We can use a simple example for a one-to-many relationship. Using the sample database provided with JBuilder, each employee has a lengthy salary history that we want to make available through the instance (see Figure 23.7).

Figure 23.7Figure 23.7 Model of employee to salary history.

The process for creating this one-to-many relationship within JBuilder is accomplished by using the EJB Designer. The relationship ultimately is exposed via a local interface defined on the Employee entity bean. Ultimately, you would access this local interface by way of a session façade bean, but to make the example simple, we will use the remote interface with a test client.

  1. Expand the EmployeeData source and verify that the SALARY_HISTORY table is contained within the source's definition.

  2. Right-click on the SALARY_HISTORY table and select Create Entity Bean. The bean then appears in the EJB Designer. Make sure that the version property is set to EJB 2.0 compliant.

  3. Creating an EJB relationship is accomplished by right-clicking on the parent entity. In this class, right-click on our Employee entity and select Add, Relationship. An arrow used to graphically represent our relationship appears within the EJB Designer.

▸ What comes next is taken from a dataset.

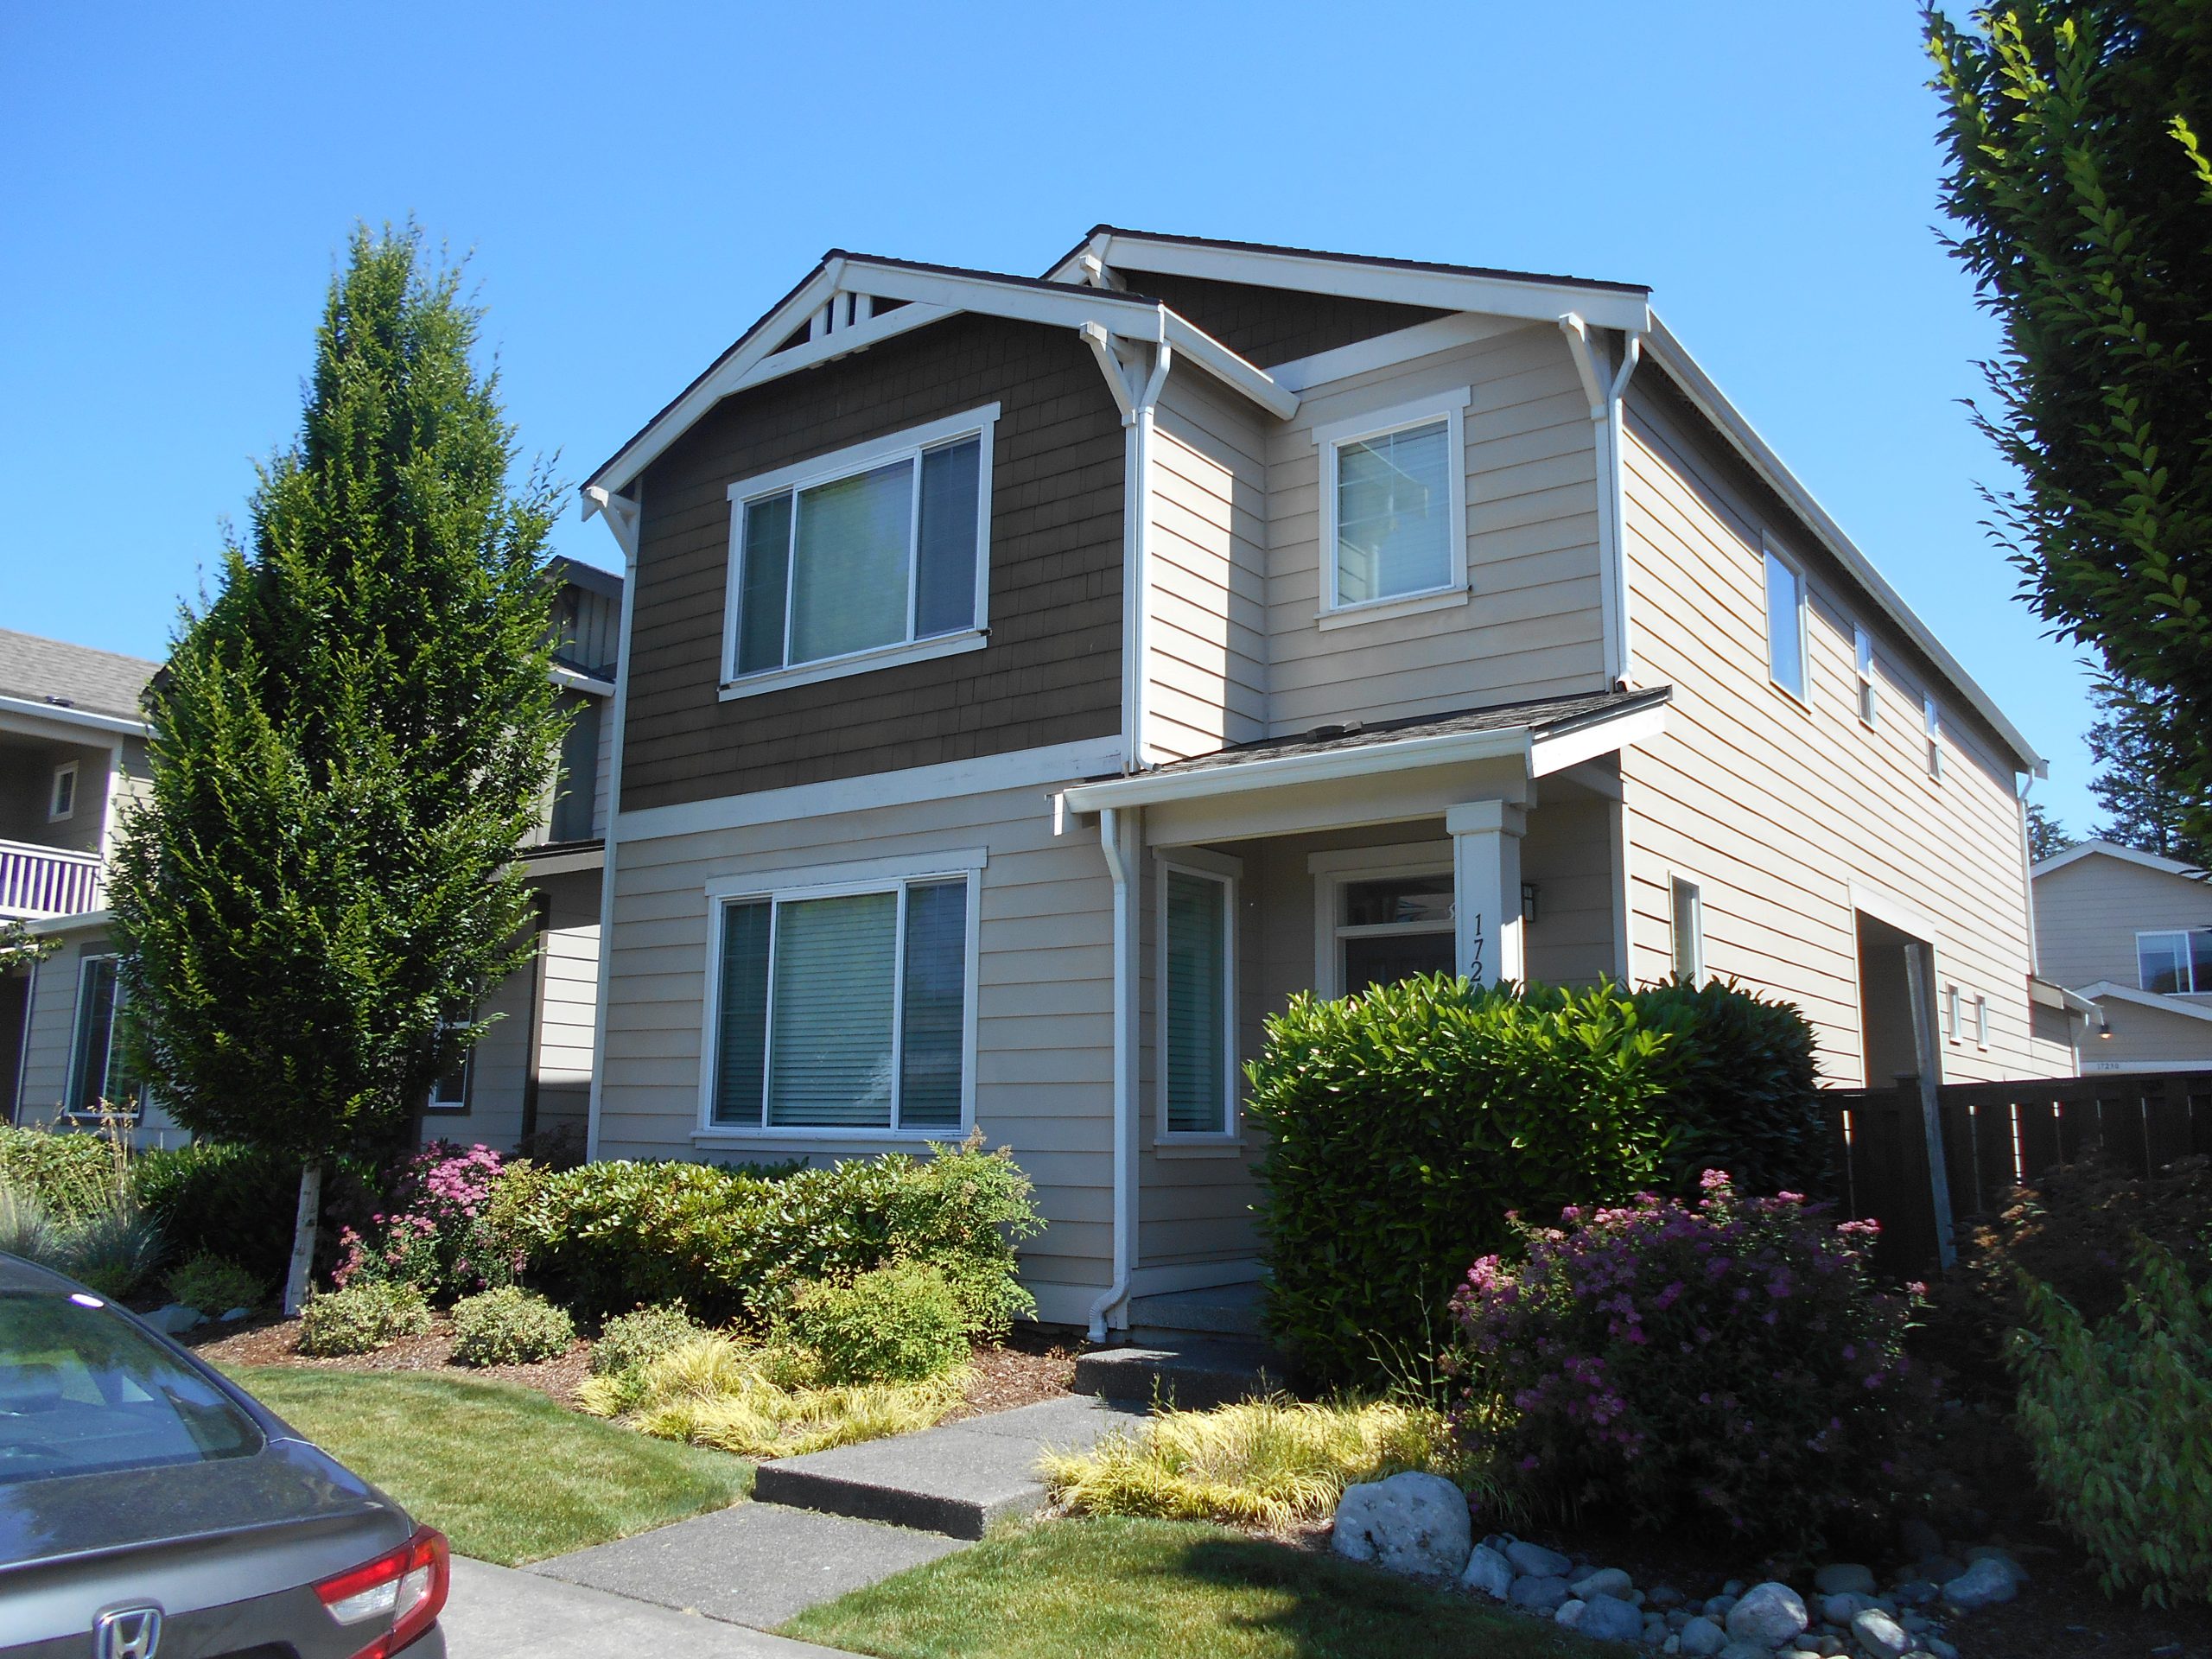 $2,295 – Picture Perfect in Puyallup! 3+ Bedrooms

  4. Drag the end of the relationship arrow onto the SalaryHistory entity.

  5. Select the newly created method that contains the relationship. The name assigned by JBuilder's EJB Designer is salaryHistory.

  6. The Relationship Property editor appears to allow you to change the behavior of the relationship (see Figure 23.8).

  7. Figure 23.8Figure 23.8 Relationship Property editor for the Employee to SalaryHistory relationship.

  8. For the relationship properties, Multiplicity should be set to one-to-many, and Navigability should be set to unidirectional. The Navigability is set to unidirectional because it does not make sense to access Employee entity information through the SalaryHistory entity.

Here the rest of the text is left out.